=== Dataset section ===

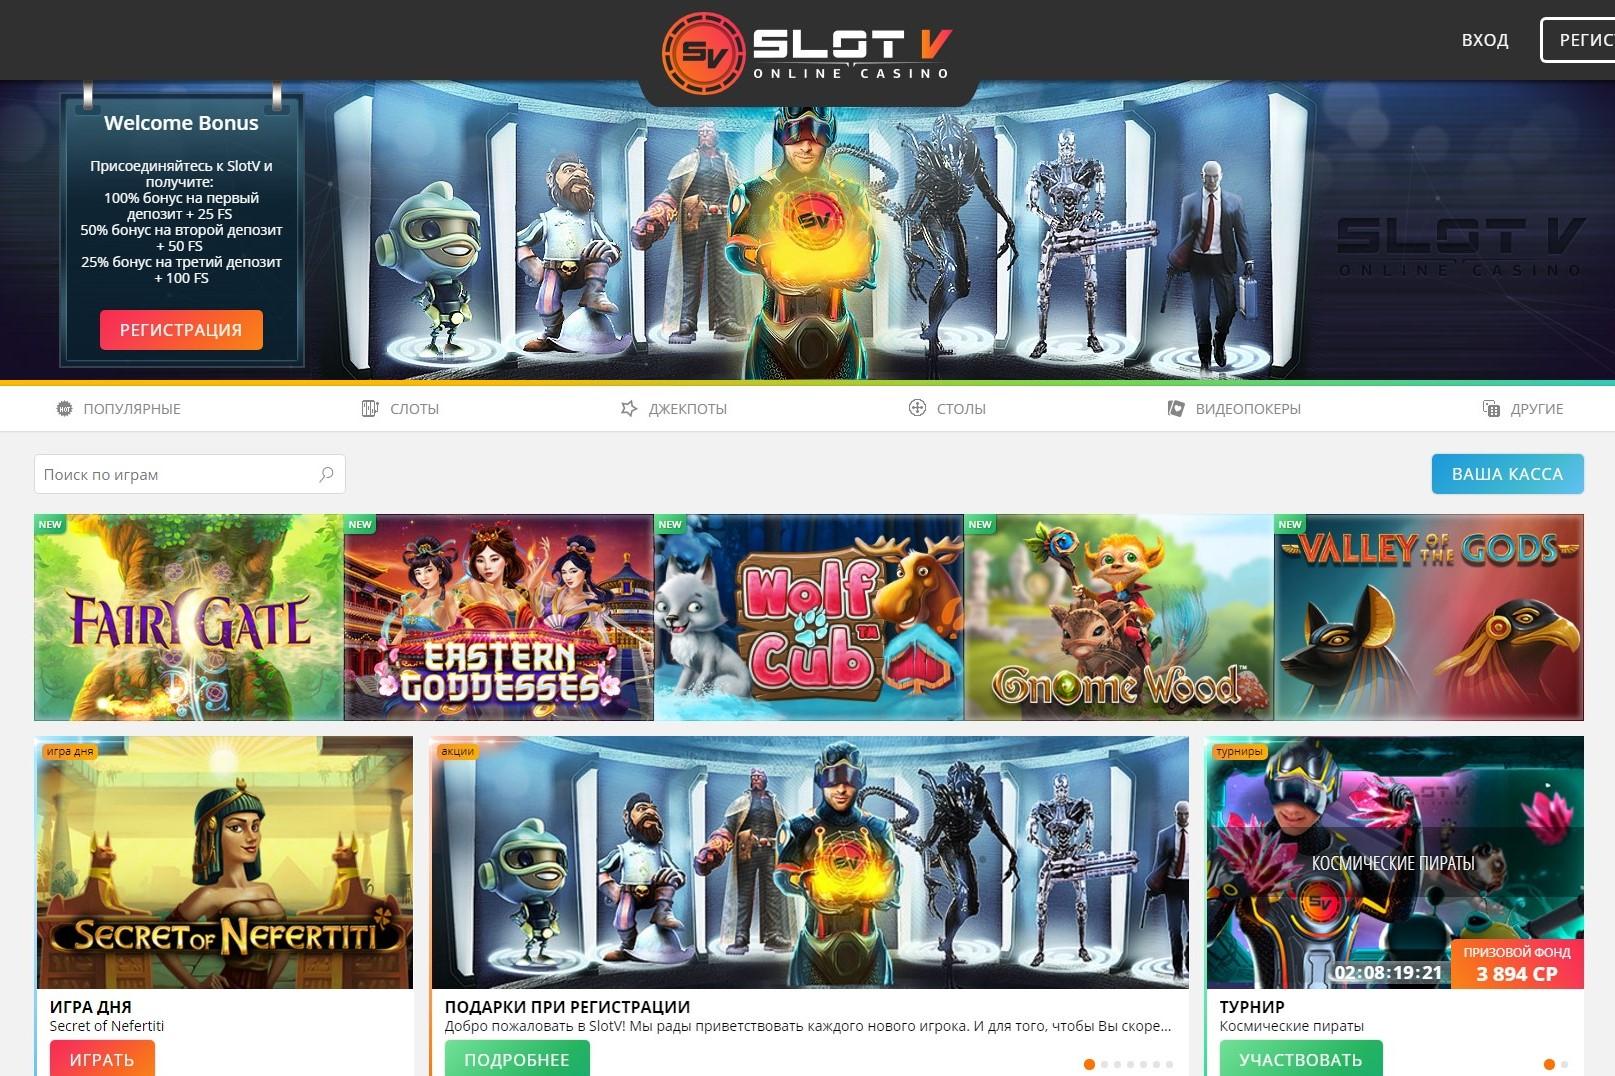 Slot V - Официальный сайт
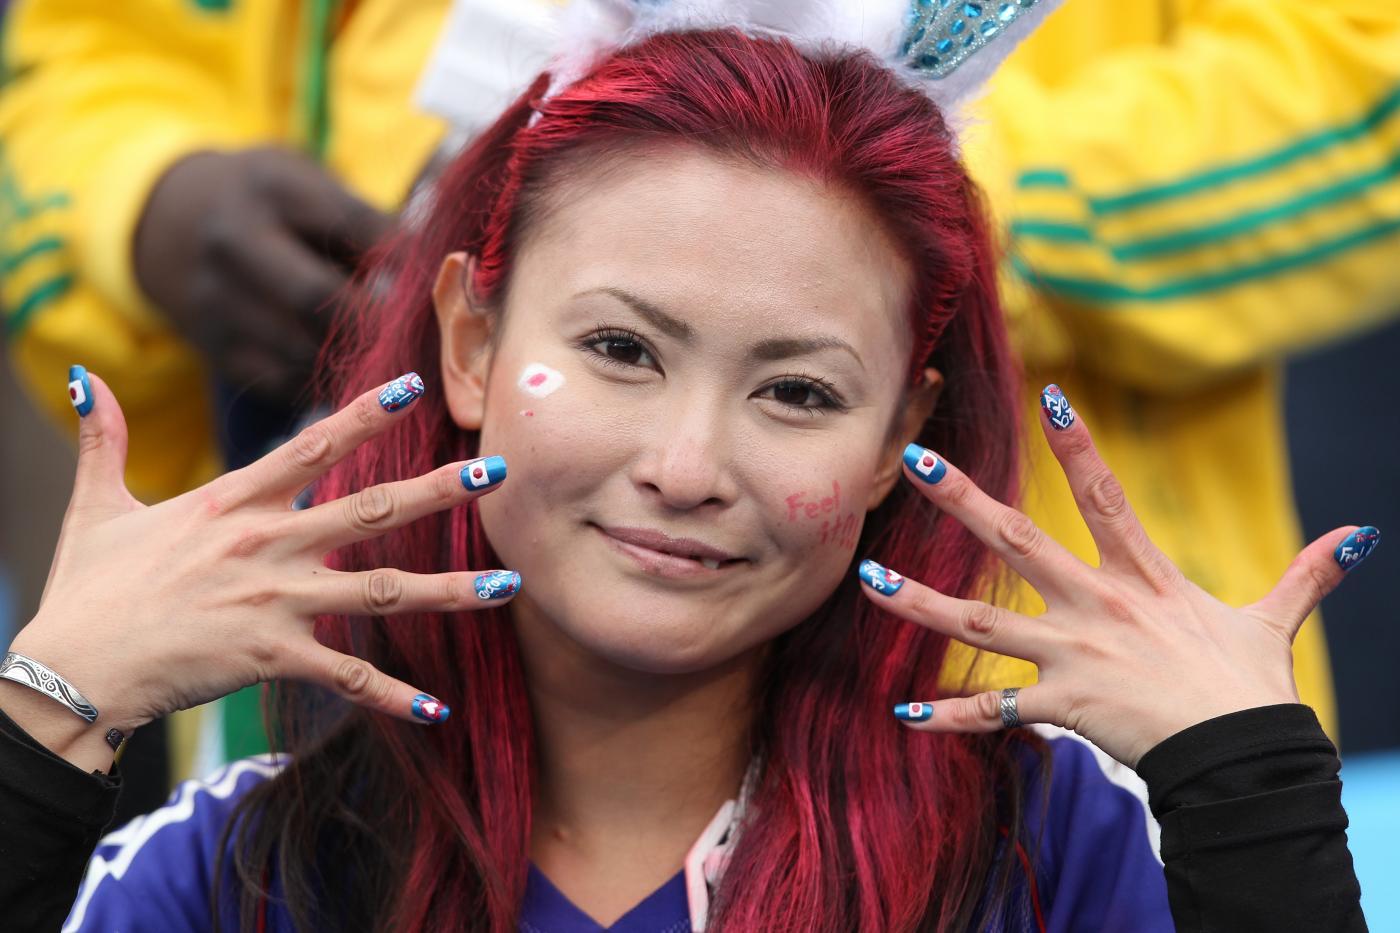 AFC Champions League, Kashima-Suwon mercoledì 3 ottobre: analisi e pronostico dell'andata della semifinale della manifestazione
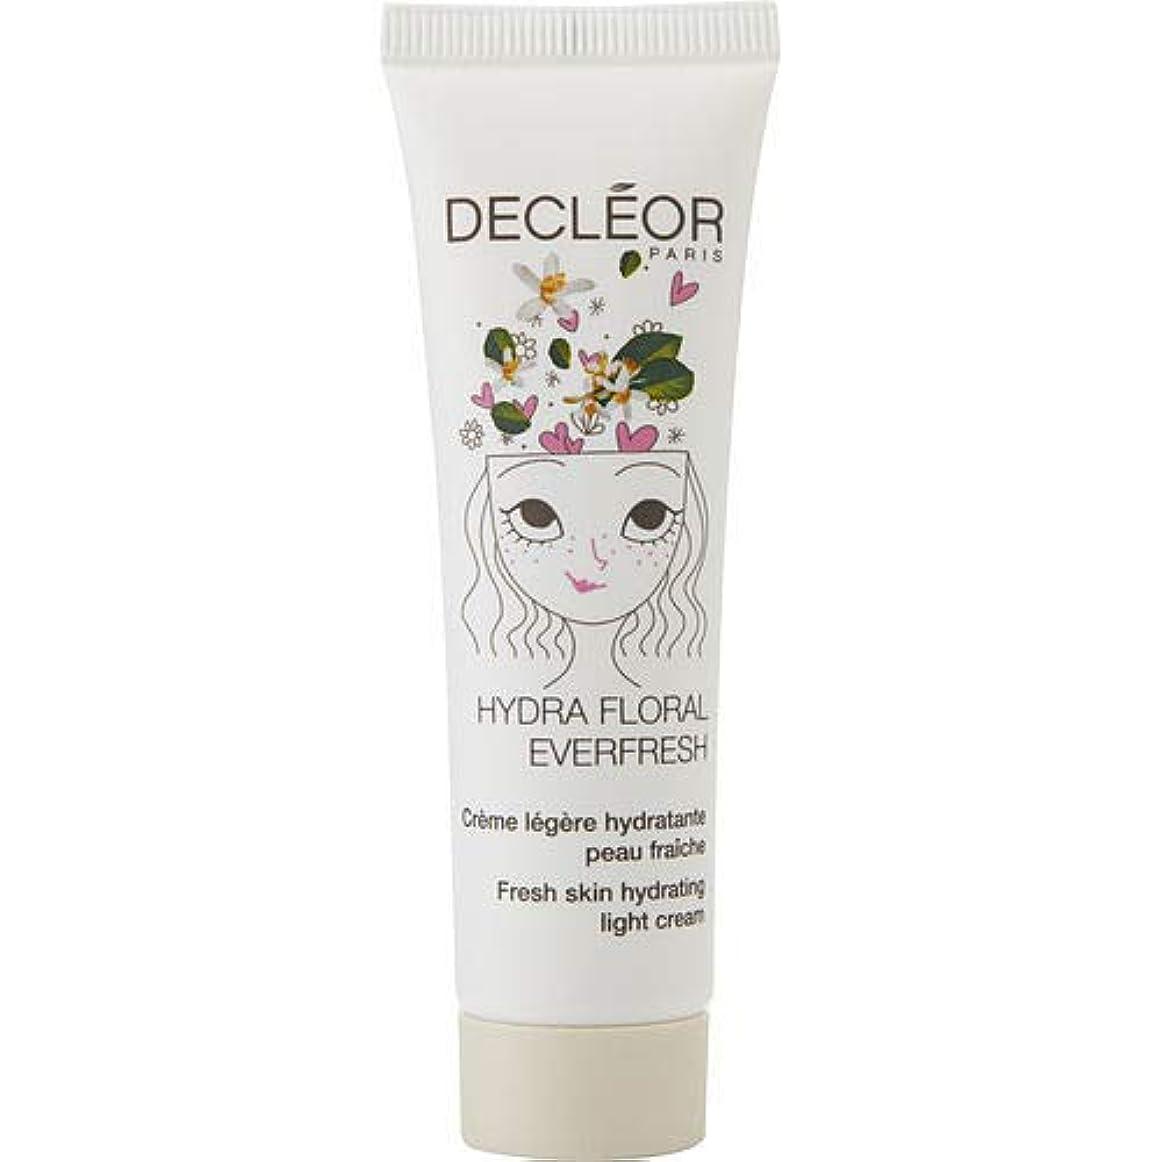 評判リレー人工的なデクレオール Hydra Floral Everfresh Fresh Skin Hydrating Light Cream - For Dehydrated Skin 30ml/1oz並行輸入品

===

**What you need to do:**
Reproduce the material above exactly but drop all images.

**Solution to the problem:**
 Slot V - Официальный сайт
 AFC Champions League, Kashima-Suwon mercoledì 3 ottobre: analisi e pronostico dell'andata della semifinale della manifestazione
 評判リレー人工的なデクレオール Hydra Floral Everfresh Fresh Skin Hydrating Light Cream - For Dehydrated Skin 30ml/1oz並行輸入品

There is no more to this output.